Listening is a skill that we’re in danger of losing in a world of digital distraction and information overload.
In a famous psychology experiment, participants watching a video of people passing a basketball around while moving missed a remarkable sight: Midway through the video, someone wearing a gorilla suit strolls through the exercise, pauses to beat his chest, and moves on. Participants were asked with a cognitive task: counting the number of passes made by players wearing white shirts, and the focus on one activity induced a kind of blindness to the extraordinary visitor.
A new study shows that inattentional deafness exists, too. Forty-five people listened to a 3D, stereo recording, lasting just over a minute, of two men and two women independently discussing preparations for a party. Half the participants were instructed to listen closely to the men’s conversation, half to the women’s.
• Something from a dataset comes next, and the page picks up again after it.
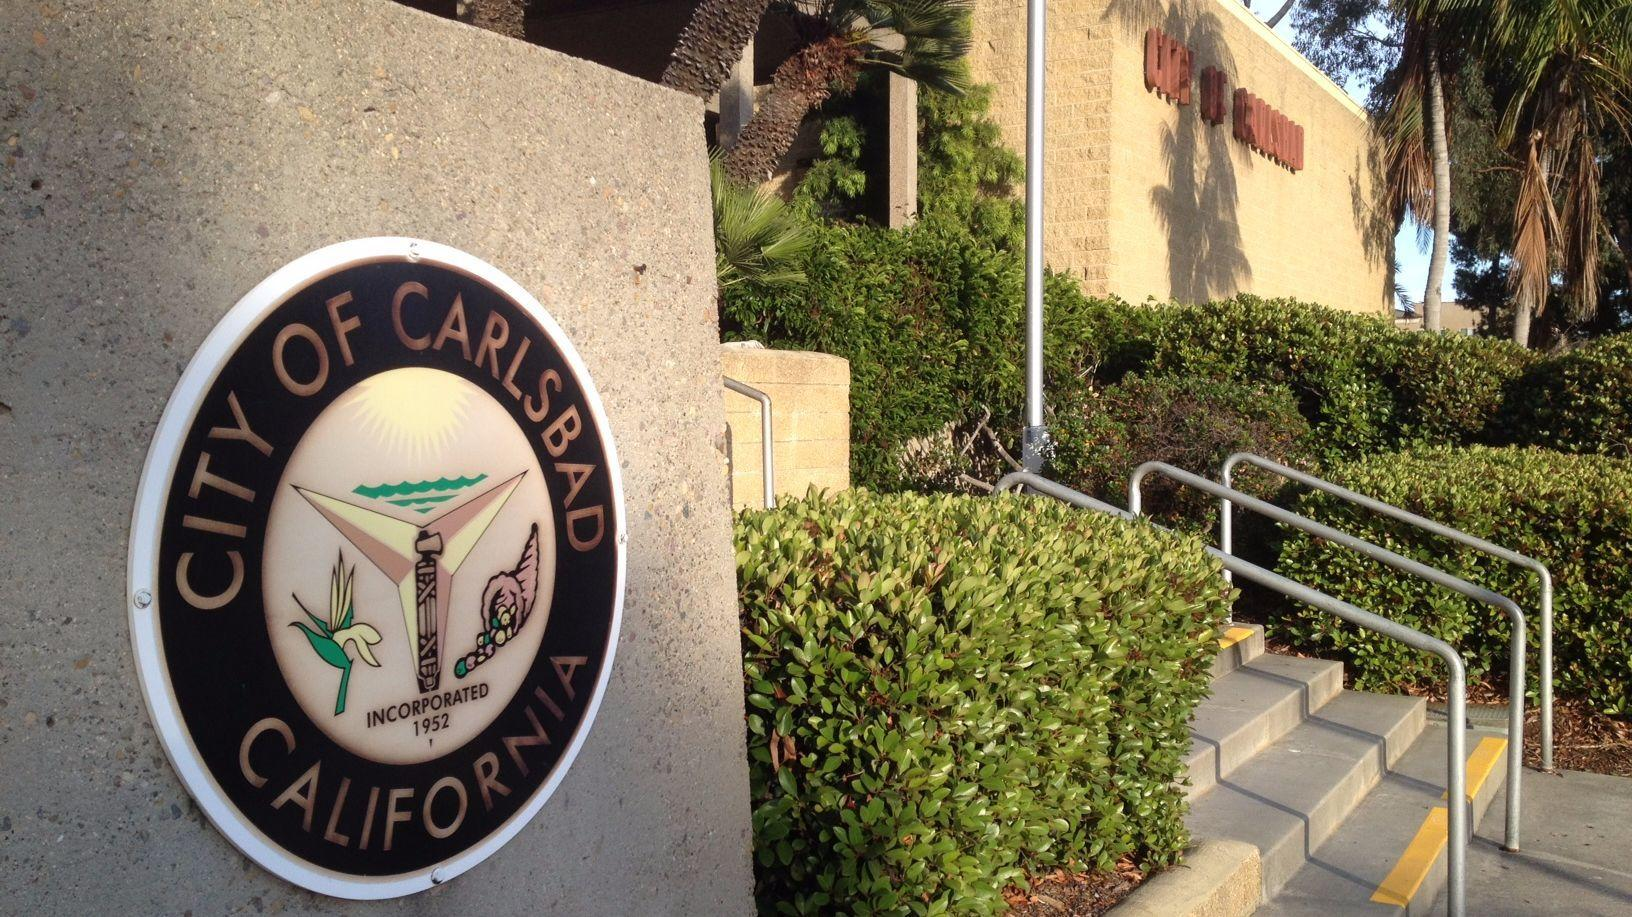 Carlsbad City Hall

Halfway through the recording, a man moves through the audio landscape saying “I’m a gorilla. I’m a gorilla,” before exiting. This lasts 19 seconds.
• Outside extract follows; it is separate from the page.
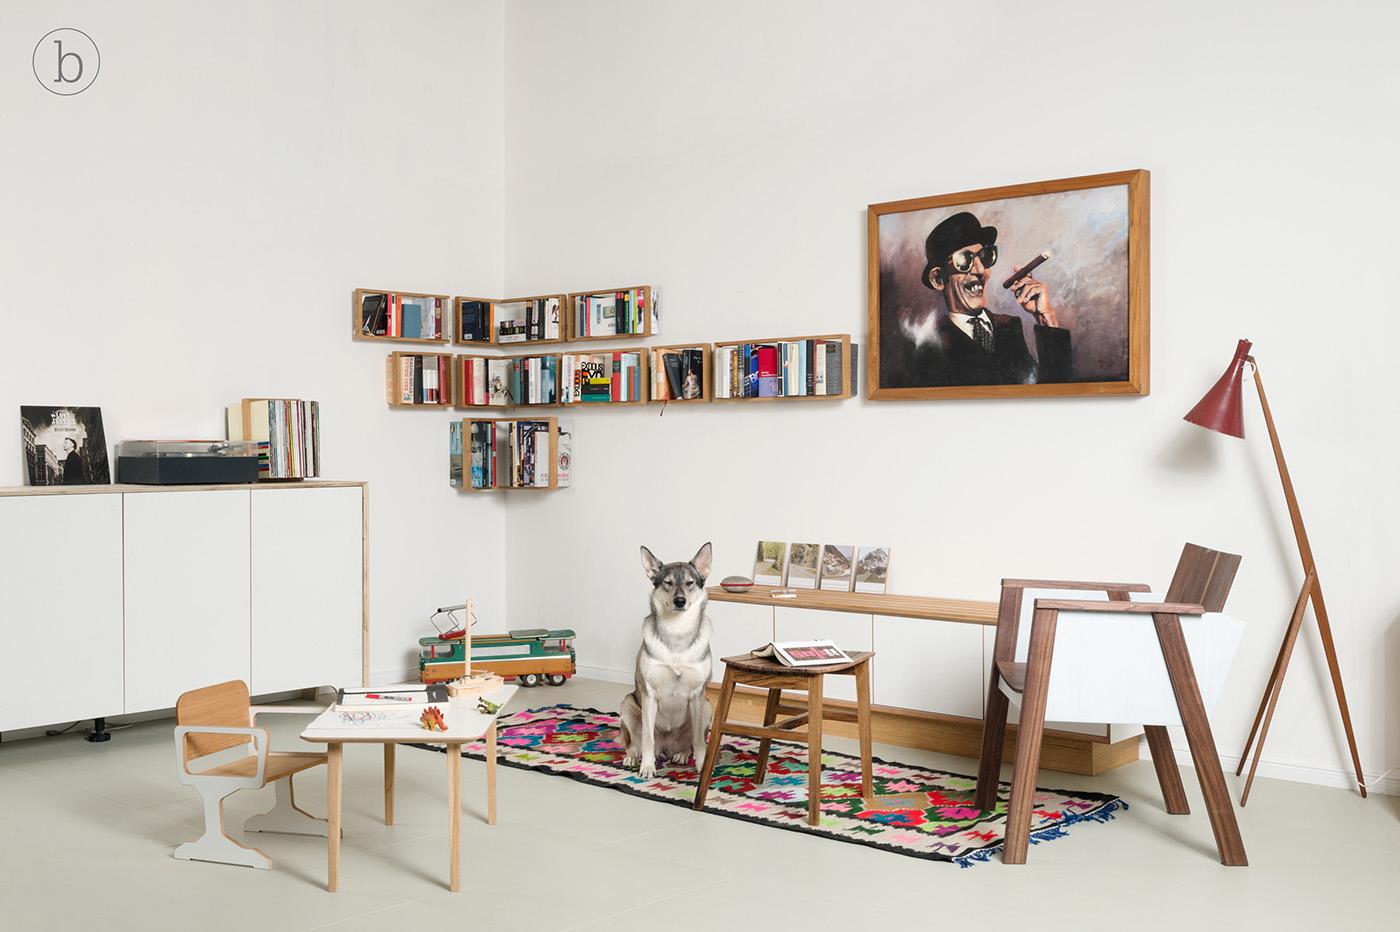 regal b by das kleine b on behance. Black Bedroom Furniture Sets. Home Design Ideas

Afterward, when asked if they heard anything odd, 90% of the participants who were attending to the male voices mentioned the gorilla-man — but only 30% of the participants focusing on the female voices did.
All but one of 45 people in a control group—they were asked simply to listen to the tape—mentioned the gorilla interloper immediately.
As it happens, the path the gorilla took, in this experiment, took him closer to the men than to the women—so spatial proximity to the male voices played some role. To test how great that role was, the researchers did a second experiment in which the male gorilla-voice appeared nearer to those of the women. That reduced the effect but hardly eliminated it: 55% of listeners told to pay close attention to the female speakers failed to notice the person saying, “I’m a gorilla.”
Very interesting how we can be dismissive of visual and auditory cues when we shift our attention.